Calling him now might get him killed. Ivy knew she could go over Joe’s head, to Jenkins, but that was a last resort. Once she did that, it was out of her hands.

So she sat there in the parking lot, waiting and thinking about how many people would die if Kinsman succeeded.

33

Joe left Mave where she'd fallen, the sniper rifle in his hands.

He didn't look back.

The mine entrance was a hundred yards away, cut into the hillside like a wound that had never healed. The opening was maybe ten feet high, twelve feet wide. Old timber framing around the mouth, dark and weathered, the wood gone gray with age and exposure.

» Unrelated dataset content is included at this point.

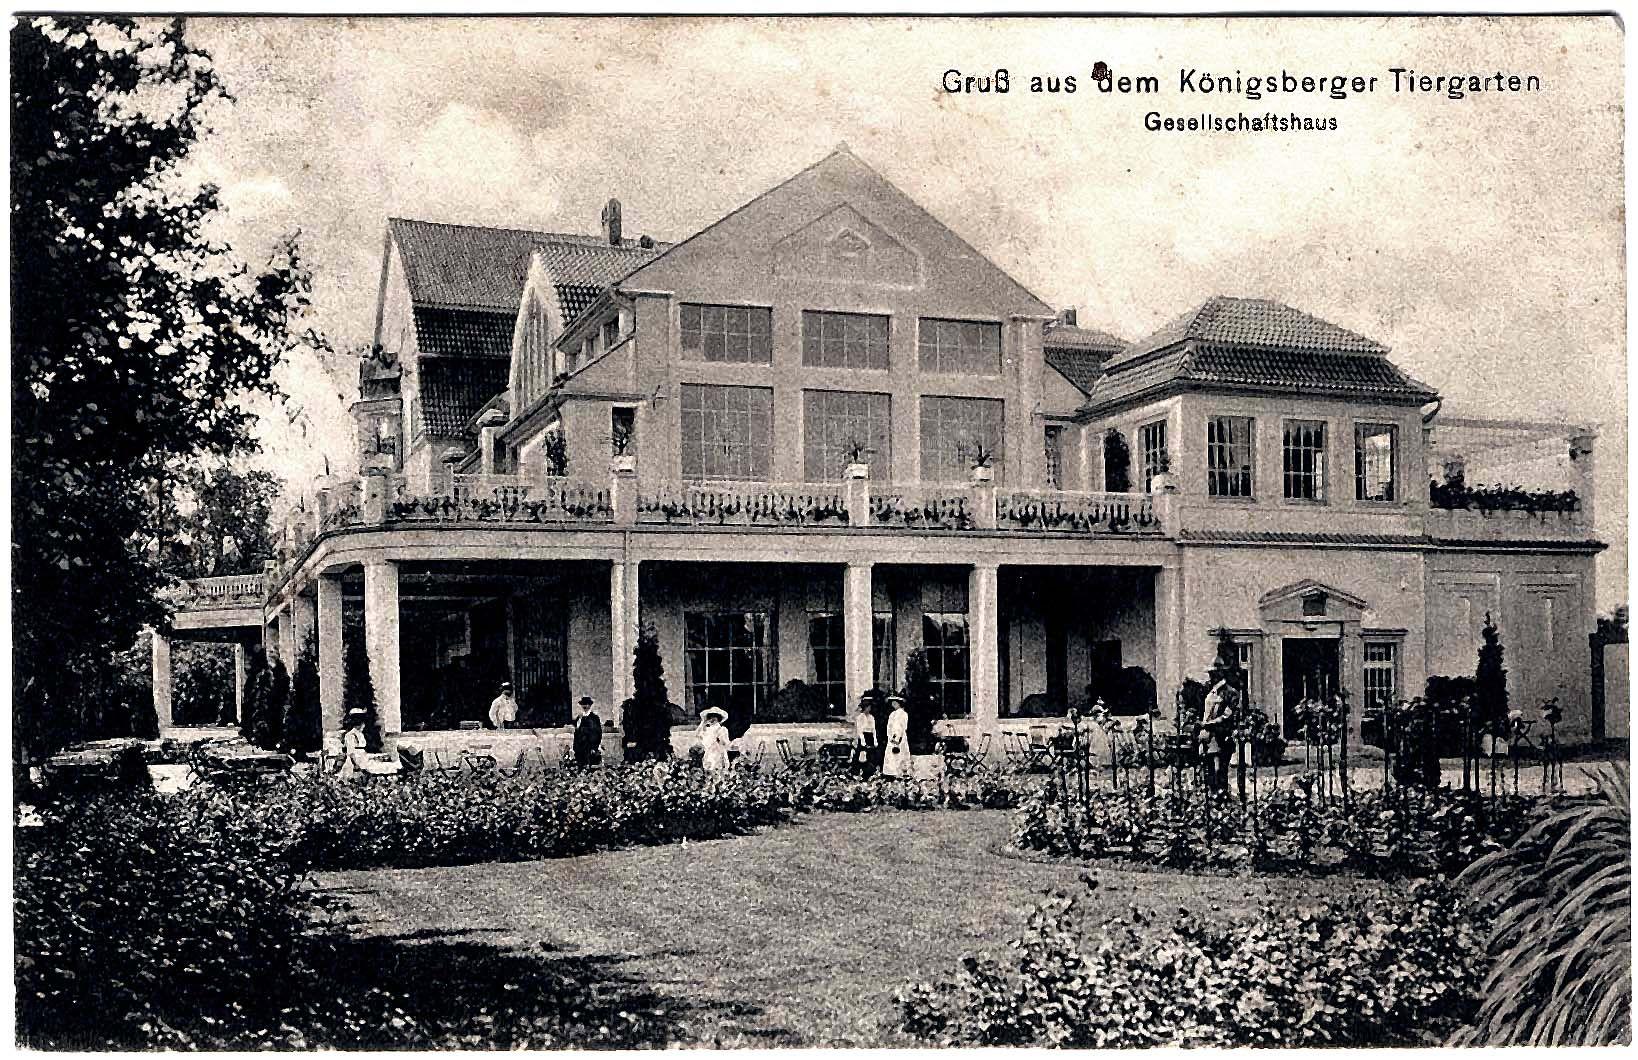 Königsberg Pr.   Tiergarten,  Gesellschaftshaus

But the darkness inside wasn't complete. There was light back there.

Faint, but steady. Electric light, not firelight.

He approached from the side, using the terrain and the remaining structures for cover. His ribs were either numb from the cold or the nerve endings were dead. Either way, the pain had eased slightly.

The wind had carved the snow into patterns around the entrance, and Joe’s boots crunched through the crust. Too loud. But the wind covered it, howling across the hillside and into the tunnel mouth with a low moan.

At the entrance, he stopped.

The wind covered most sounds, but underneath it he could hear something mechanical. A hum. Low and steady. Ventilationequipment, maybe. Or a generator running somewhere deep inside. The sound had a rhythm to it, a pulse that suggested something industrial and well-maintained.

The smell hit him as he moved inside. Damp rock. Old timber. And underneath that, something else. Machine oil. Diesel fuel. The smell of work being done.

The temperature changed immediately. Outside had been brutal, wind-driven cold that cut through clothing and found skin. Inside was different. Still cold but sheltered. The wind couldn't reach here. And there was warmth coming from somewhere deeper.

The tunnel was wider than he'd expected. The old mining operation had been substantial. The walls were rough-cut rock, dark and wet in places where groundwater seeped through.